L'atmosphère modifié irréversiblement.

En changeant d'espace, à la suite du monde des araignées, c'est la poussière noire qui maintenant fait œuvre. Éclairée elle se fait mouvement. L'artiste construit des moyens poétiques pour étendre nos capacités de perception, rendre plus ouverts nos esprits à ces poussières infimes : particules, poussières cosmiques, vies furtives qui bruissent dans l’infini. On est face au résultat d'une production humaine. Les énergies fossiles ont transformé les humains en une force géologique qui a modifié de manière irréversible l'atmosphère. L'air a toujours été invisible. Avec l'anthropocène, il est empli de poussières qui finissent par se sédimenter sur le sol mais aussi dans les poumons. De là a surgi le projet « aérocène », en réponse à l'anthropocène.

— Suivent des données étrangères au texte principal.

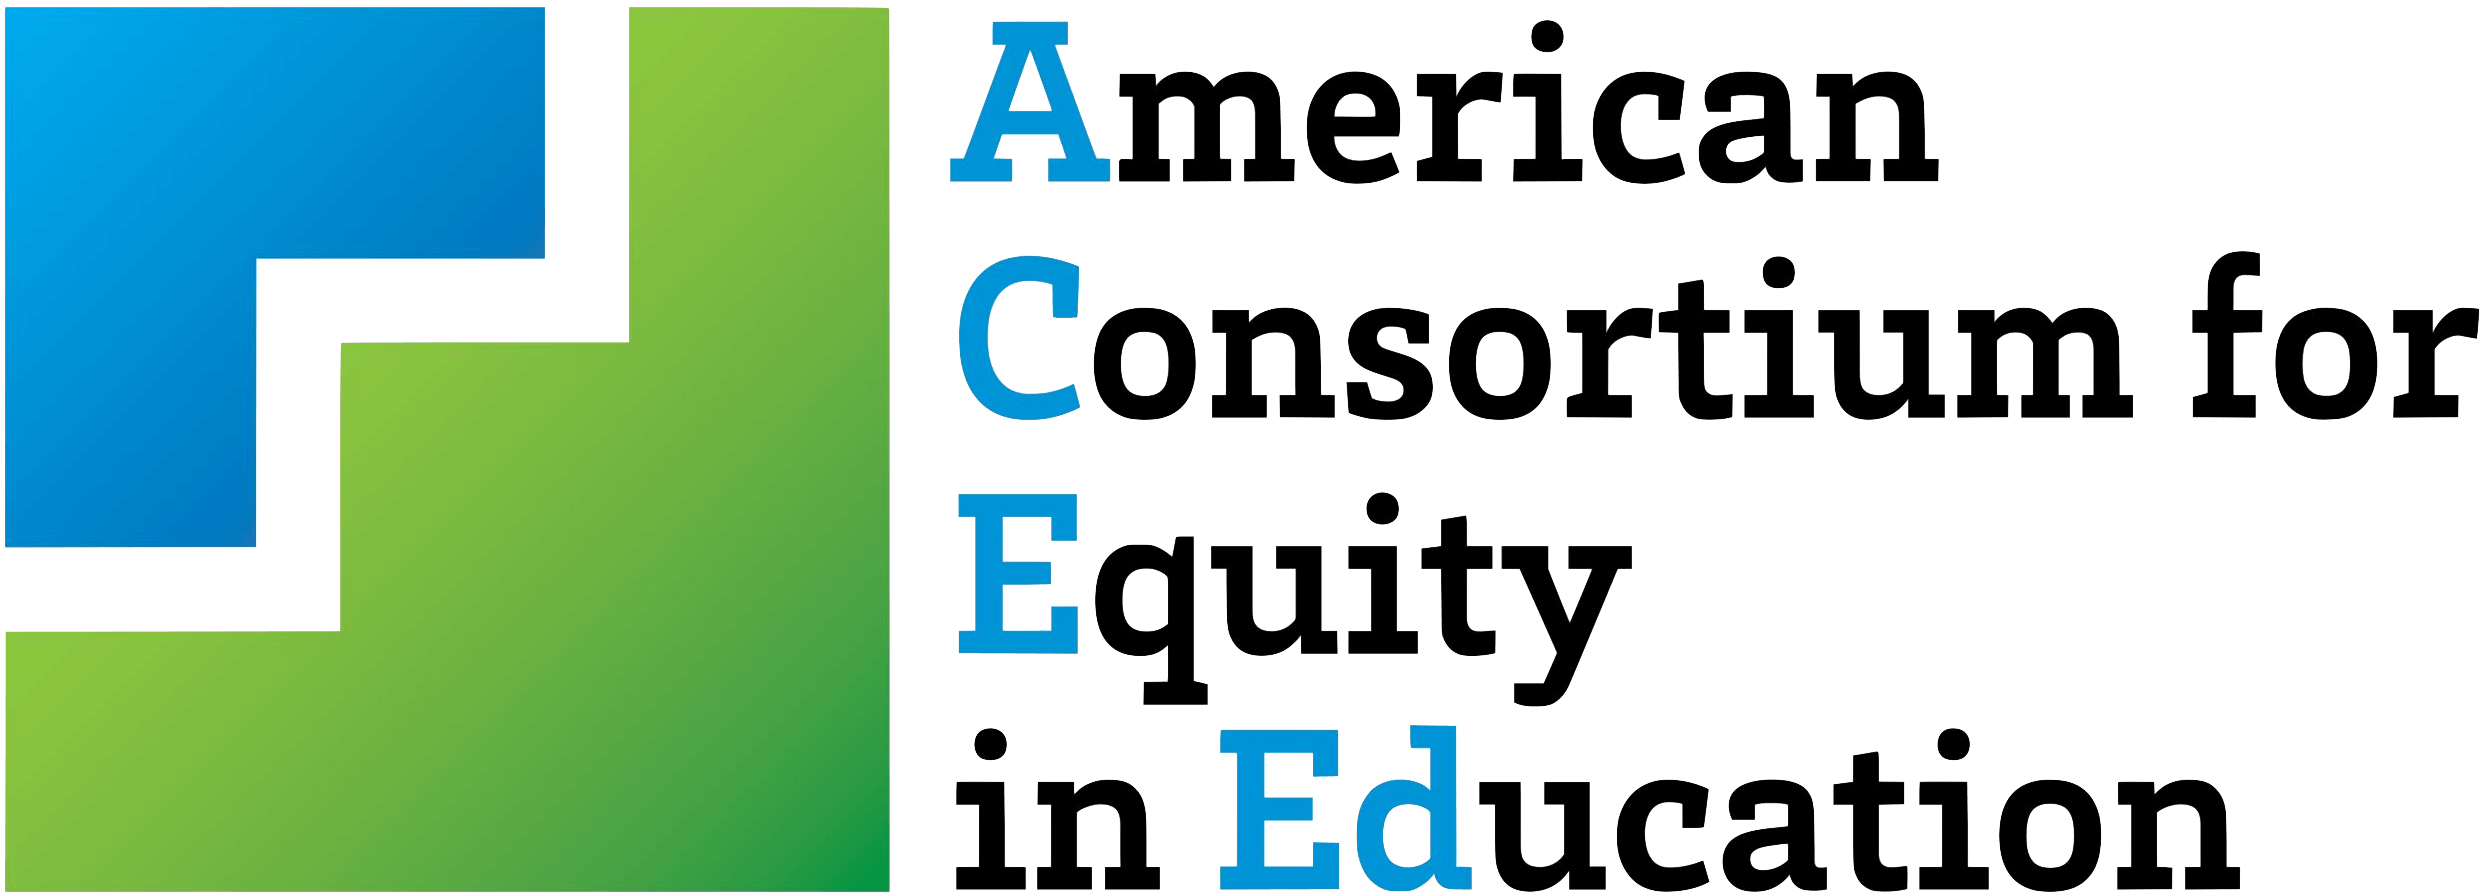 American Consortium for Equity in Education logo
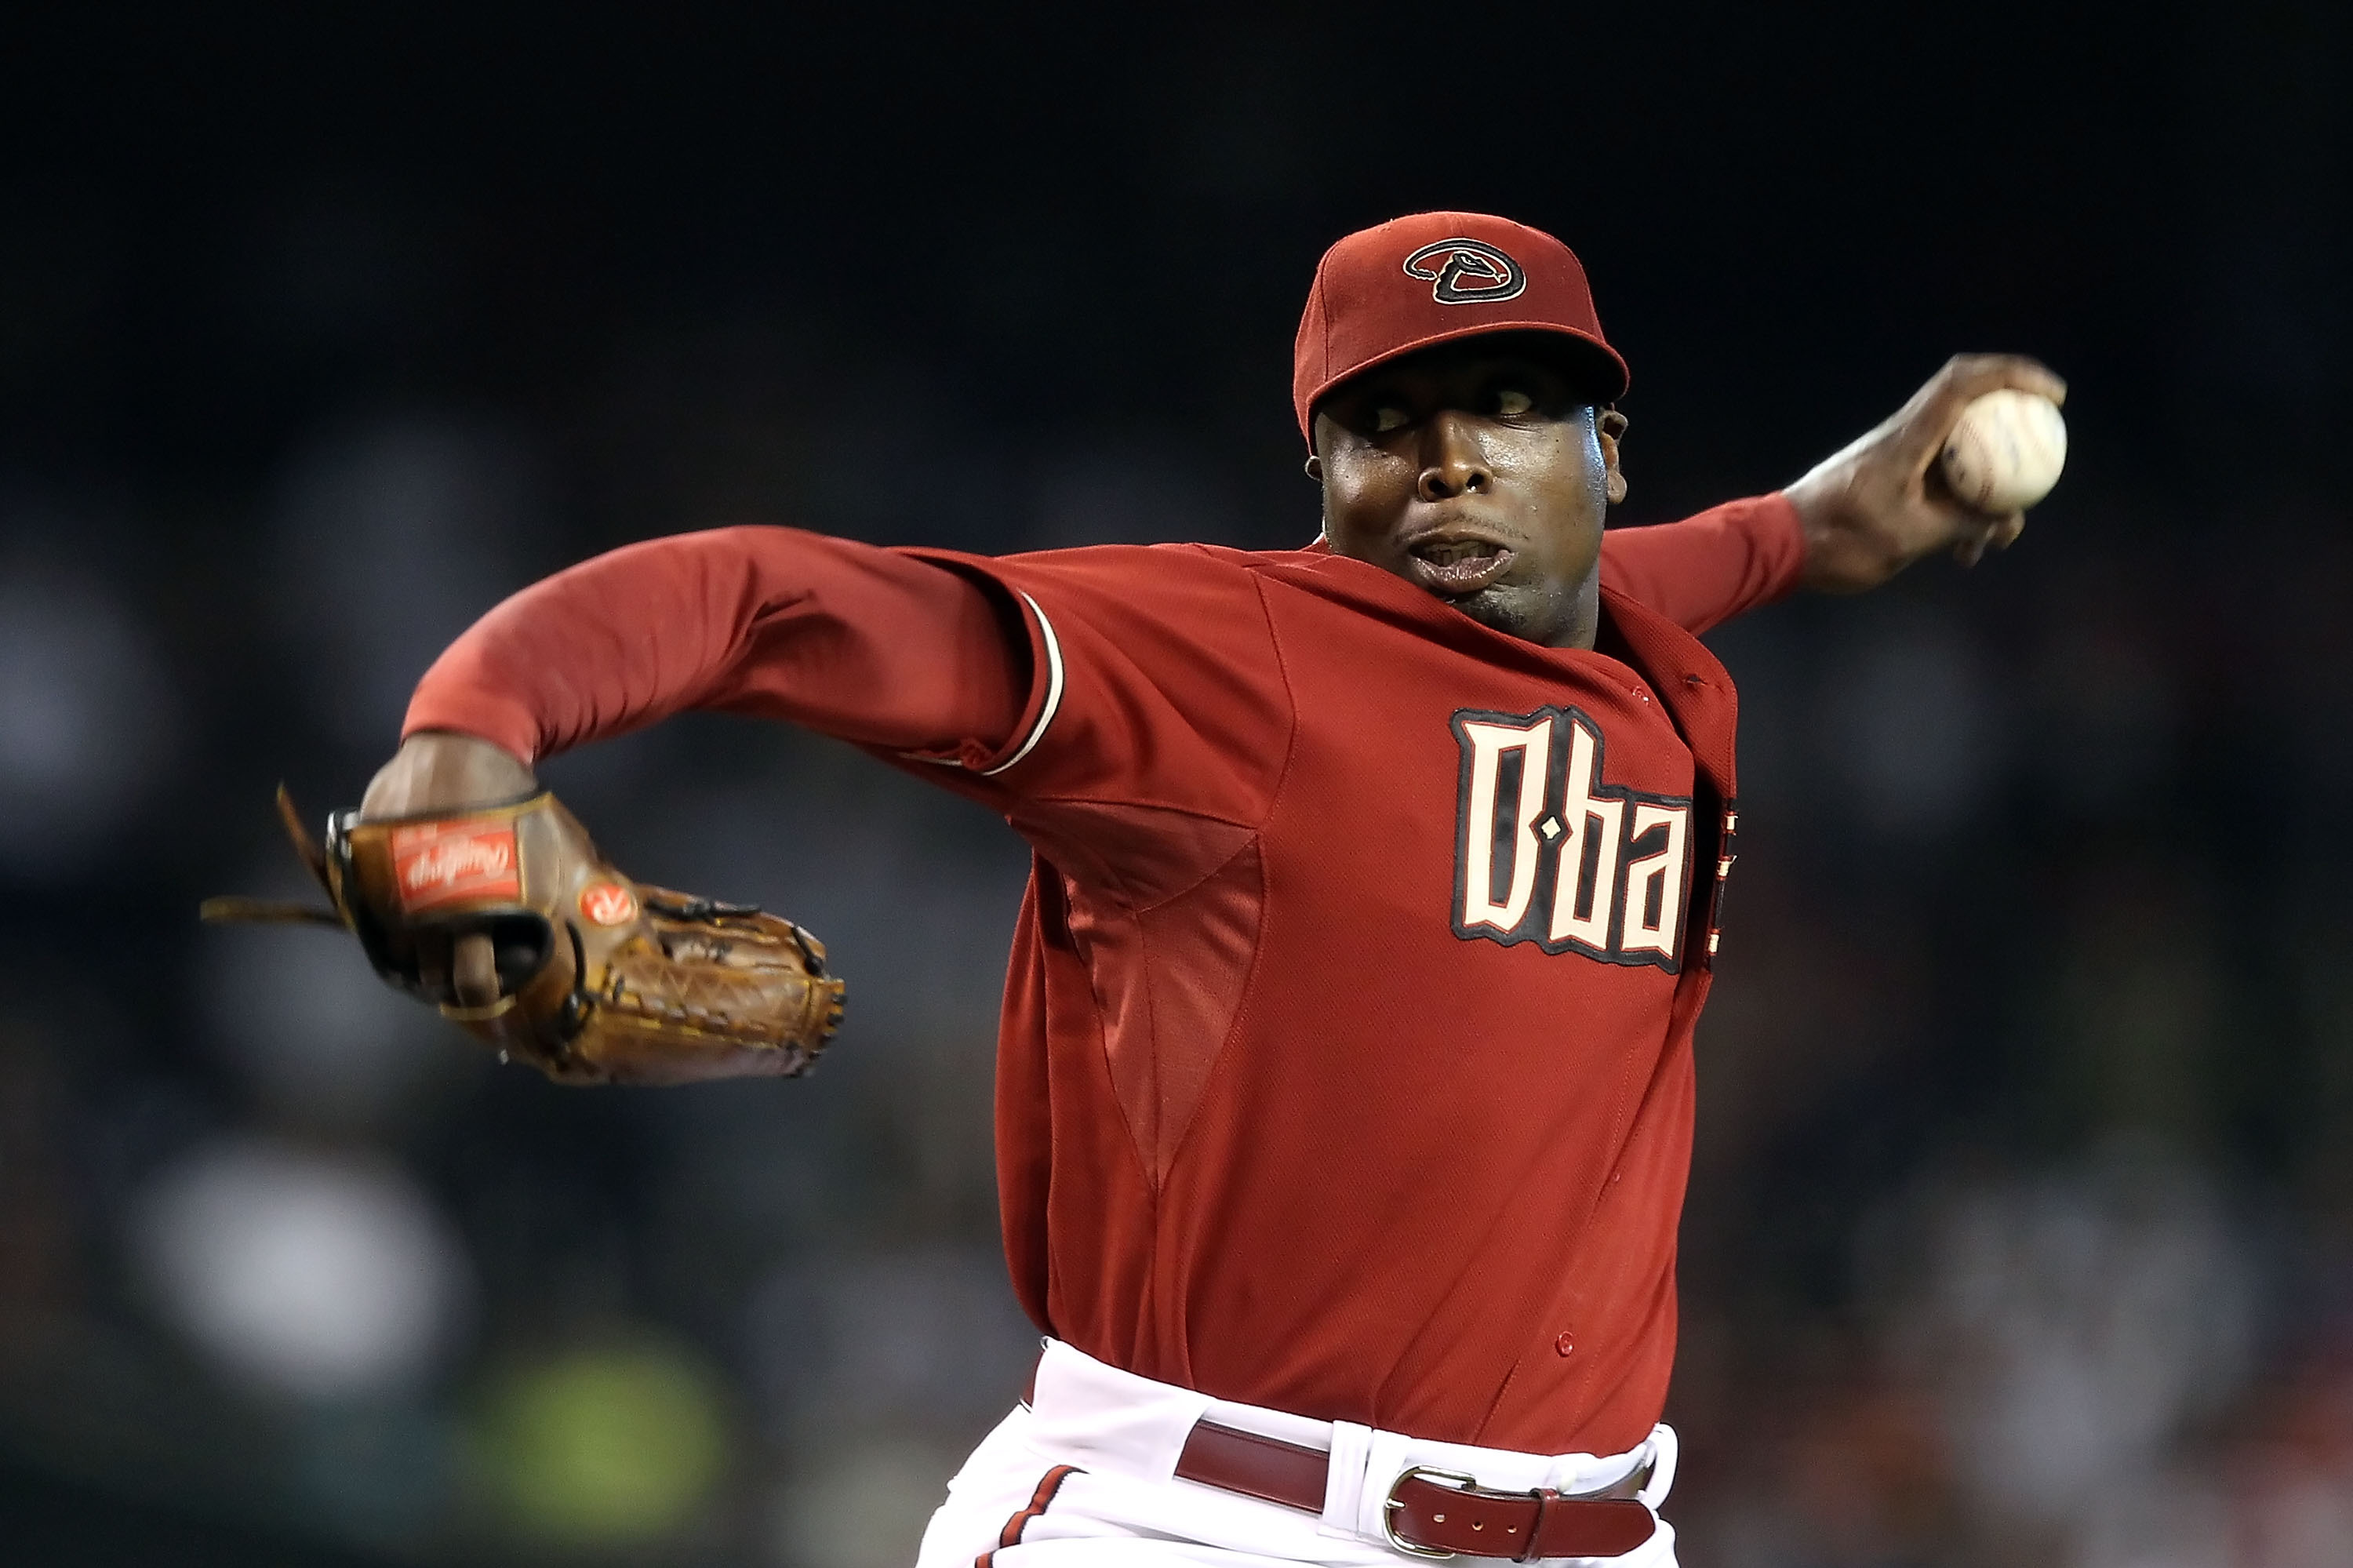 Dontrelle Willis to Retire: Latest Details, Comments and Reaction

C'est un projet qui rassemble autour de lui divers scientifiques mais appartient aussi aux rêves de Tomás Saraceno. Quand vous méditez, vous respirez jusqu'à 16% d'oxygène en moins rajoute-t-il lors de son interview   et vous êtes encore plus éveillé que dans tout autre mode de présence.

 

 

Les mondes de ses rêves ne reposent pas sur la domination technologique des ressources naturelles. Au lieu de cela, le projet commence par s’adapter aux forces qui animent notre planète et à les déplacer, ce qui constitue davantage une soumission calculée et informée aux forces mondiales qu’une maîtrise de celles-ci.

 

Approprier à plutôt que s'approprier

L'artiste ne délivre aucun monde qui lui soit propre égoïstement et que son œuvre exprimerait. Il tente une mise en forme appropriée à ces forces non pas tant chaotiques, que générées par Gaïa étouffée par Ouranos. Forces qui se sédimentent. Forces titanesques de ces monstres que le mythe enferme afin de sauver la vie. Après les Titans, c'est le tour des hommes de jouer au feu à leurs dépens. La menace pèse et l'artiste en montre la vision. L'art n'est plus celui d'une subjectivité autosuffisante, voire suffisante. Croisant les diverses formes de vie, les comportements variés, l'art s'élève au-dessus du sol, à la recherche d'un nouveau cadre. Il s'approche une fois encore du soleil, comme Icare. Apprivoiser le soleil, non pas se l'approprier, mais trouver une forme d'habitat appropriée.

Tel est le rêve de l'artiste. Des bulles flottent dans un espace. Bulles poétiques qui attendent d'habiter le monde.